Have environmental concerns taken a back seat due to the current political climate?
It's no secret that Trump is not the best friend to those seeking to tackle climate change, and that Brexit has eclipsed any other political issue to affect the UK bar perhaps the ongoing NHS crisis. Climate Change however has never been treated as seriously as it should have been.
Friends of the Earth believes that to tackle climate change 80% of fossil fuels need to stay in the ground and that Europe needs to stop using fossil fuels by 2030. This and other measures, such as reducing red meat and dairy consumption, would lead to a reduction in emissions of 80% by 2030.
The Paris climate agreement commits signatories to pursuing efforts to limit rises in global temperatures to 1.5 degrees.
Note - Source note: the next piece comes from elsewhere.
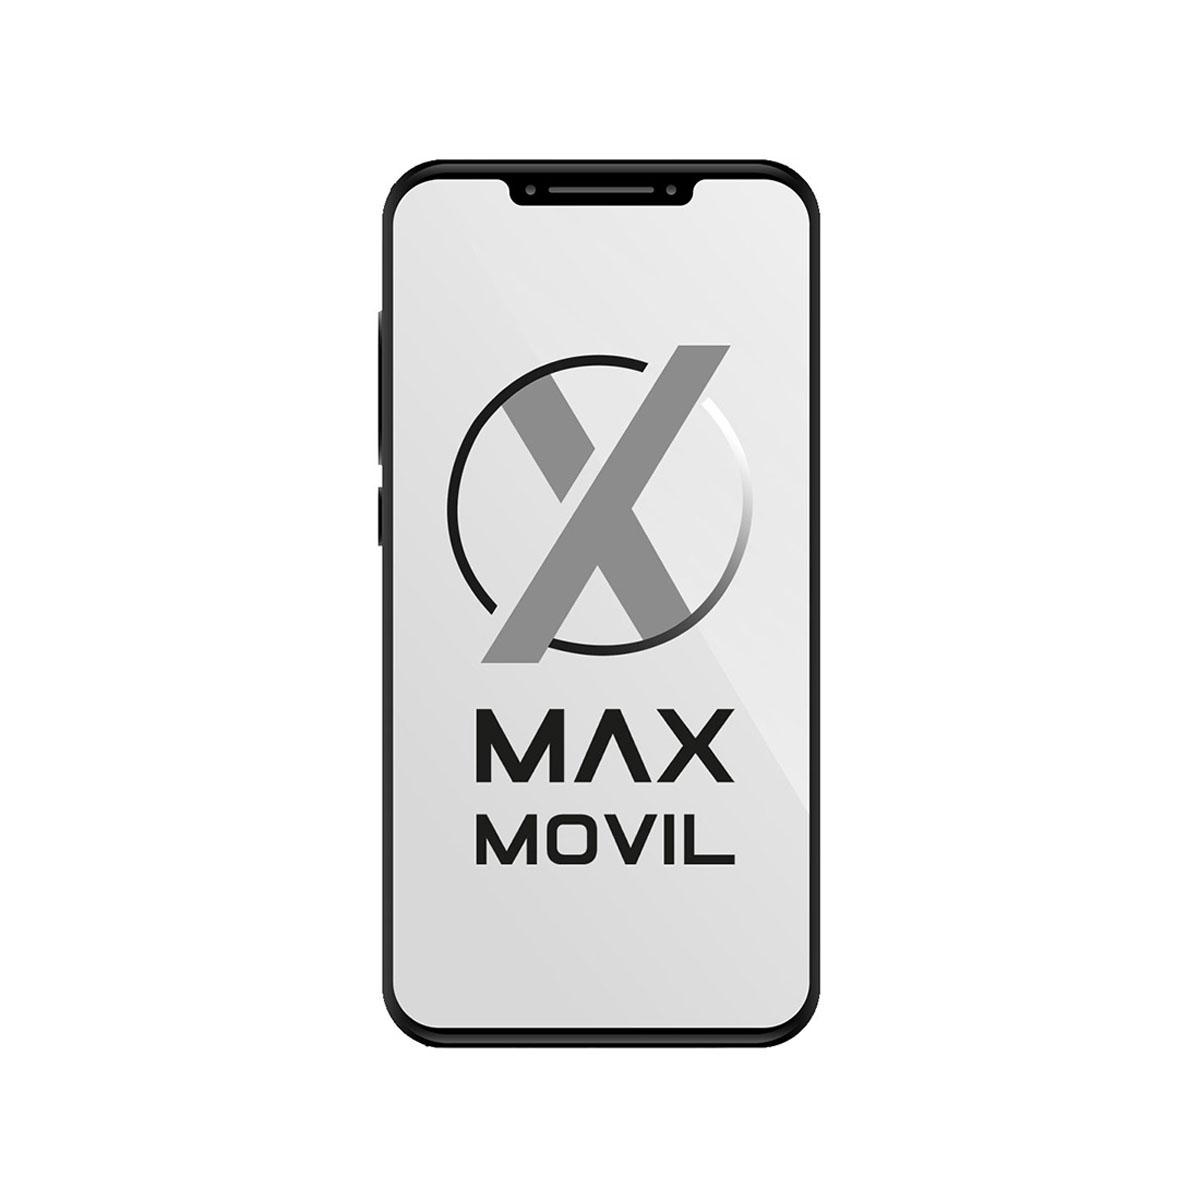 Motorola dock estandar ASMMB860DOCK para Atrix

Current commitments by the world's governments however would not even limit warming to three degrees, and that's before the side effects of US policy under Trump.
The UK Government still subsidises fossil fuel energy production at a rate thirty times higher than it does green energy. It is only planning to ban fossil fuel powered cars in 2040. These and other policies are not even close to what is needed, and with the focus on Brexit no new policy is likely.
In fact, since 2015, Government has actively cut subsidies for green energy, green homes and green vehicles. It has also sold off the Lib Dem created Green Investment Bank, without securing adequate assurances over the bank's future role in supporting green energy.
Climate change therefore has not taken a back seat in the current political climate, because that's where it was before. In fact, it has been gagged, shoved into the boot and the car has been driven into a river, leaving us open to a level of climate catastrophe that only a nuclear war could eclipse.